THB,TA,TWB often rates low with fans because the aliens are not seen and because the finale plays as an anticlimax.  On the former, I think it was the right call for the reasons given above and because no alien design or costume would fail to come across as silly.  Overall, I like  how the intruder (we don't know if there was more than one, but its craft was pretty small) was handled from the police being hurled slo-mo to the  wind that heralds their passing.  Many UFO reports allege objects or craft simply fading out rather than navigating away from a scene, so I've no problem with the ingots disappearing - though I'd ask why it's necessary to blow out a wall if translocation is possible.  I also wonder why an electromagnetic field strong enough to stop watches doesn't ruin Kolchak's film or erase audiotapes.  (Would it affect Kolchak's pictures?)  As for the weak ending...the entire episode is an immersion into the creepy, a pervading air of the Lovecraftian.  I prefer that Kolchak is in over his head and can  do nought but stand by and hope that it's over.

The UFO is singularly unimpressive by today's standards but is an average depiction for the era.

"A traveler has a breakdown, stops to fix it, gets a roadmap, has a bite to eat, and goes on his way.  It's happened to all of us.  This traveler happened to be light years off his course instead of miles."  No invasion, not even the slightest interest in humanity.  It's a rare treat to see the alien arrival scenario without the narcissistic insistence that Earth is some special jewel coveted by the rest of the universe.  The idea was inherent in Ray Bradbury's It came From Outer Space, and the line Kolchak speaks to his recorder echoes the novella Roadside Picnic by Arkady and Boris Strugatsky.  Roadside Picnic was the basis for Andrei Tarkovsky's Solaris and an inspiration for the podcast Tanis.  I highly recommend all of these titles.
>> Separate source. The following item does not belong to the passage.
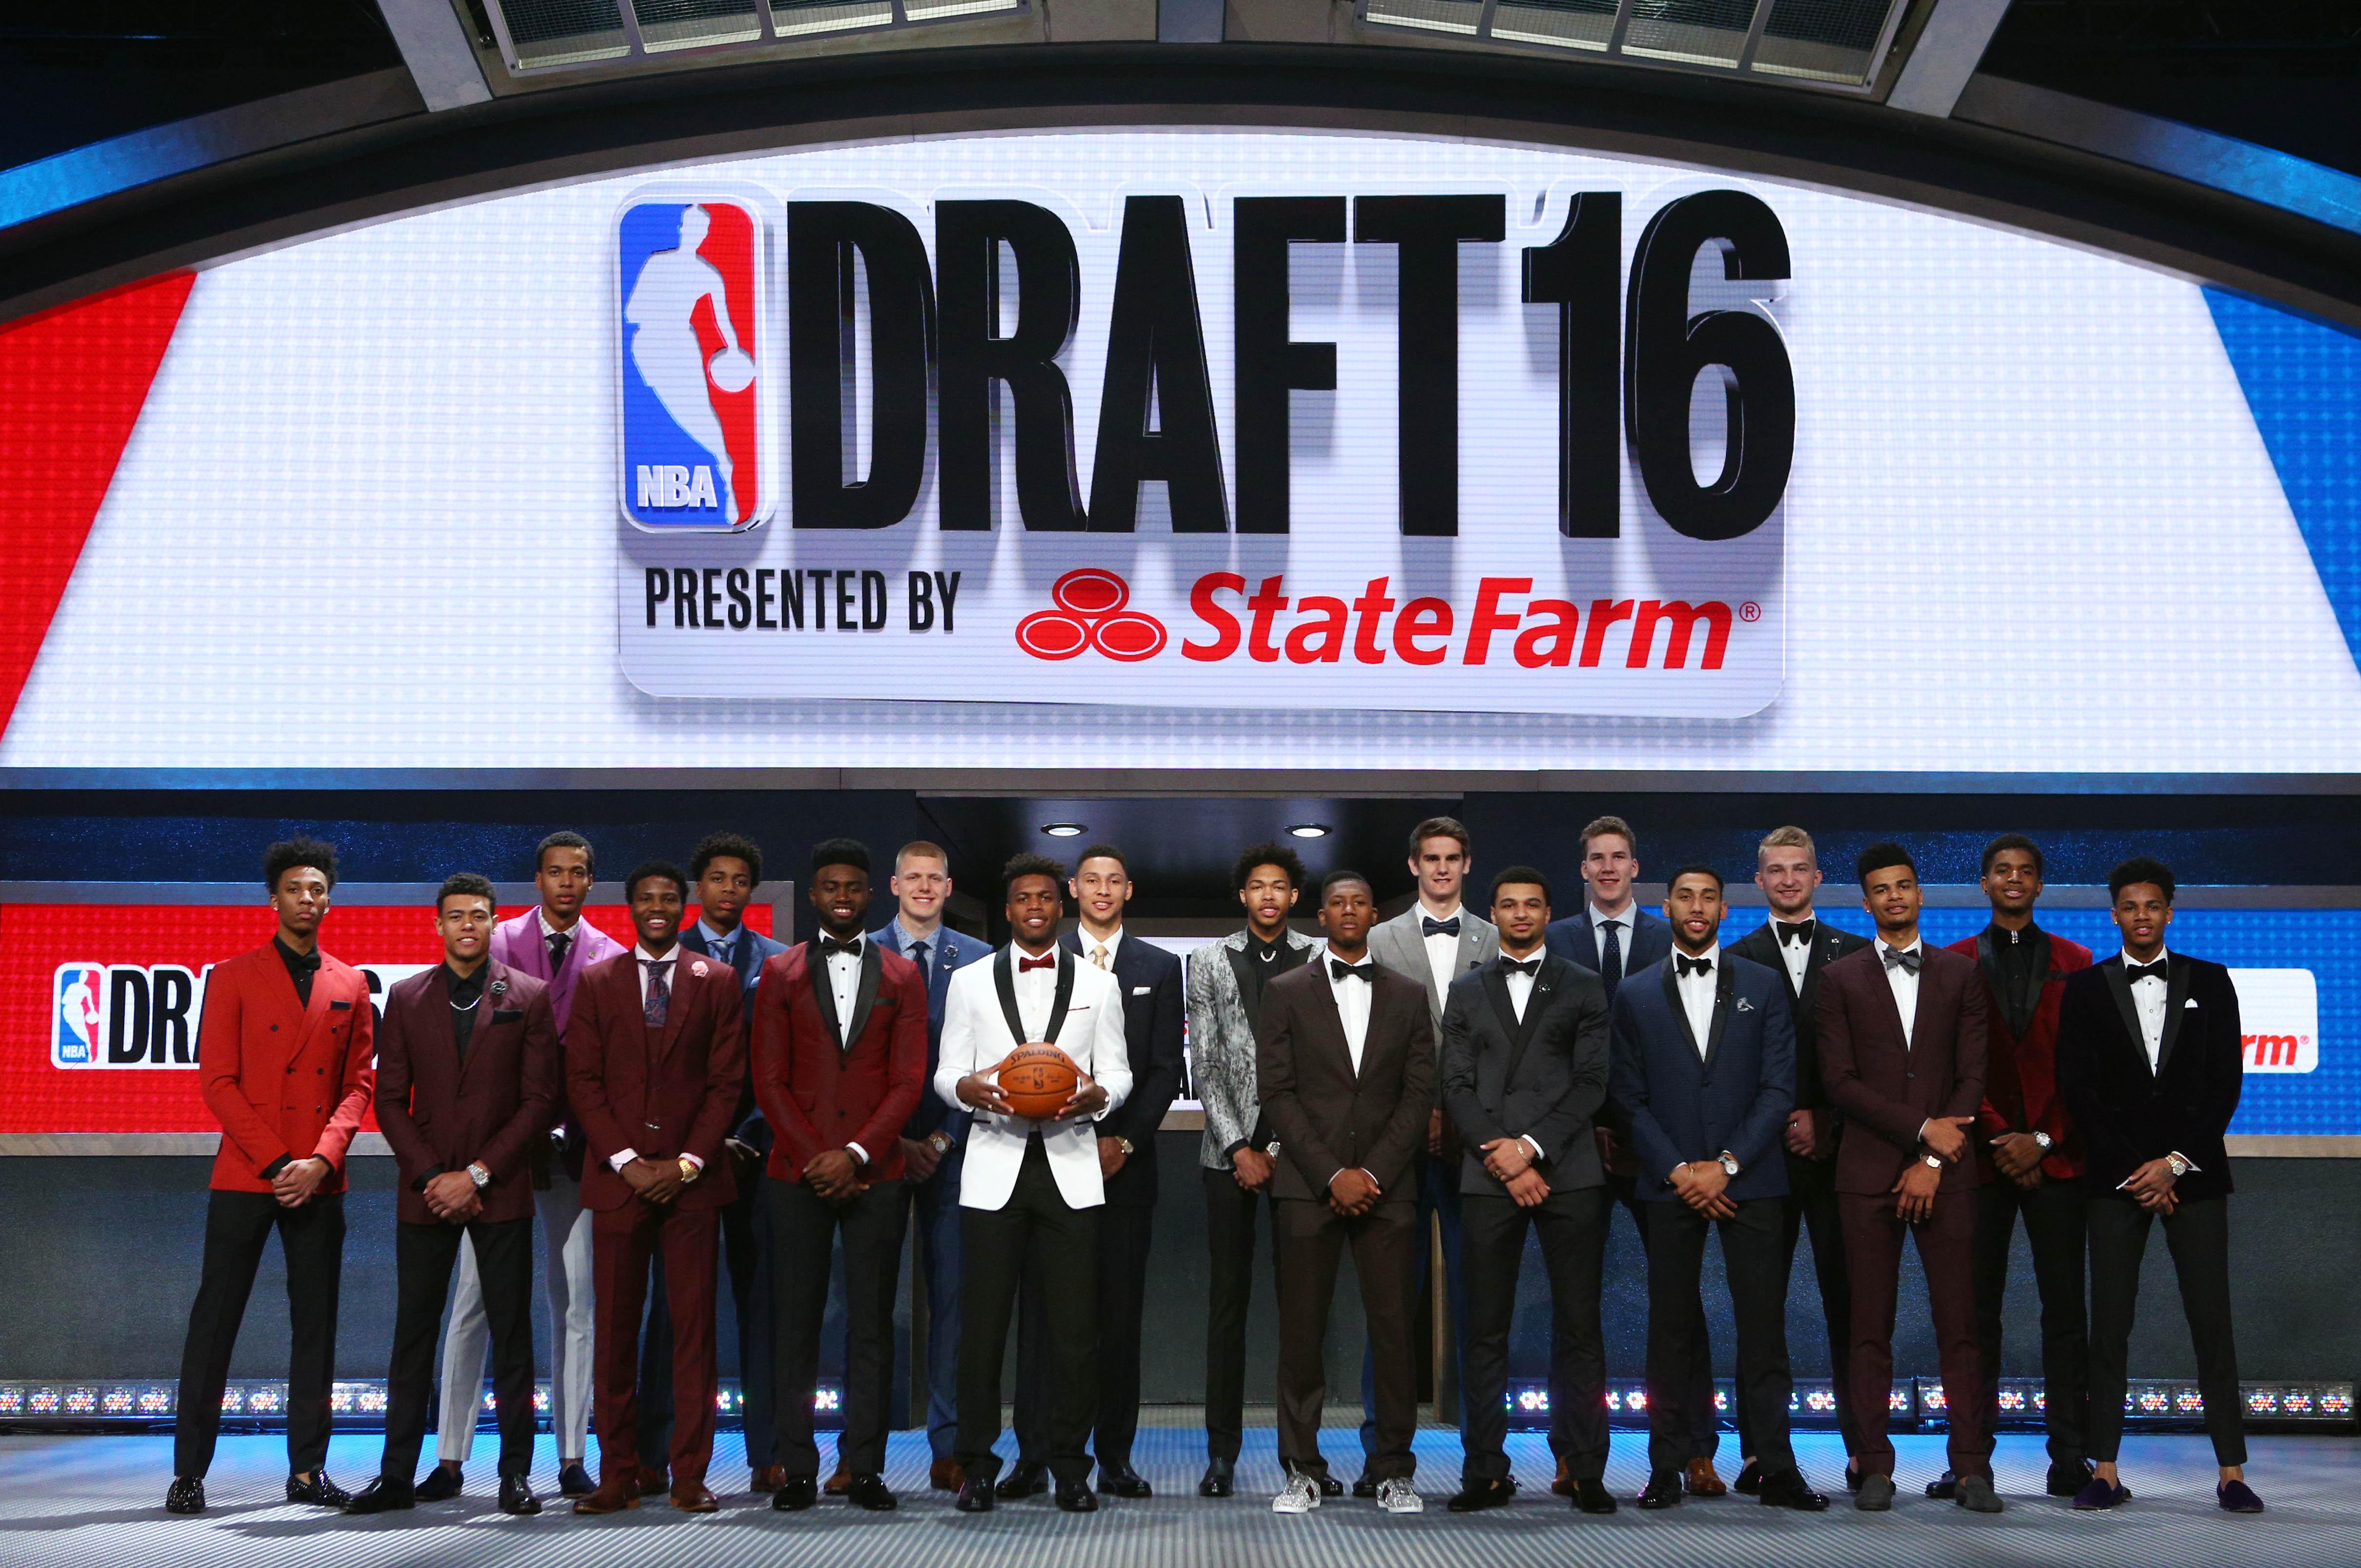 Nba Draft: Philadelphia 76ers Okay With Los Angeles 2018 Unprotected

9 ghastly repasts of gastronomic enchantment.  Get this plate away from me before I throw up in my brains!

Asides:
You can tell that rewrites took place mid-production.  Vincenzo and Carl have an exchange about a second large cat being stolen from the zoo in two days.  That's an intriguing story, because who would steal a cheetah and a panther?  That's the last time the script refers to thefts, henceforth Kolchak and everyone else speaks of deaths at the zoo and no suggestion the animals ever went missing.

I've been to a MUFON meeting.  The UFO group in the ep is played for laughs with all the usual nutters trying to find meaning in stellar designations twisted beyond recognition (Wormwood means DOOMWROM if you read it backwards and upside-down!).  Amusing but camp.  In real life, the people I've met at MUFON are sober, educated, and highly credible people who have either an interest or experiences that are inexplicable by any 'rational' means.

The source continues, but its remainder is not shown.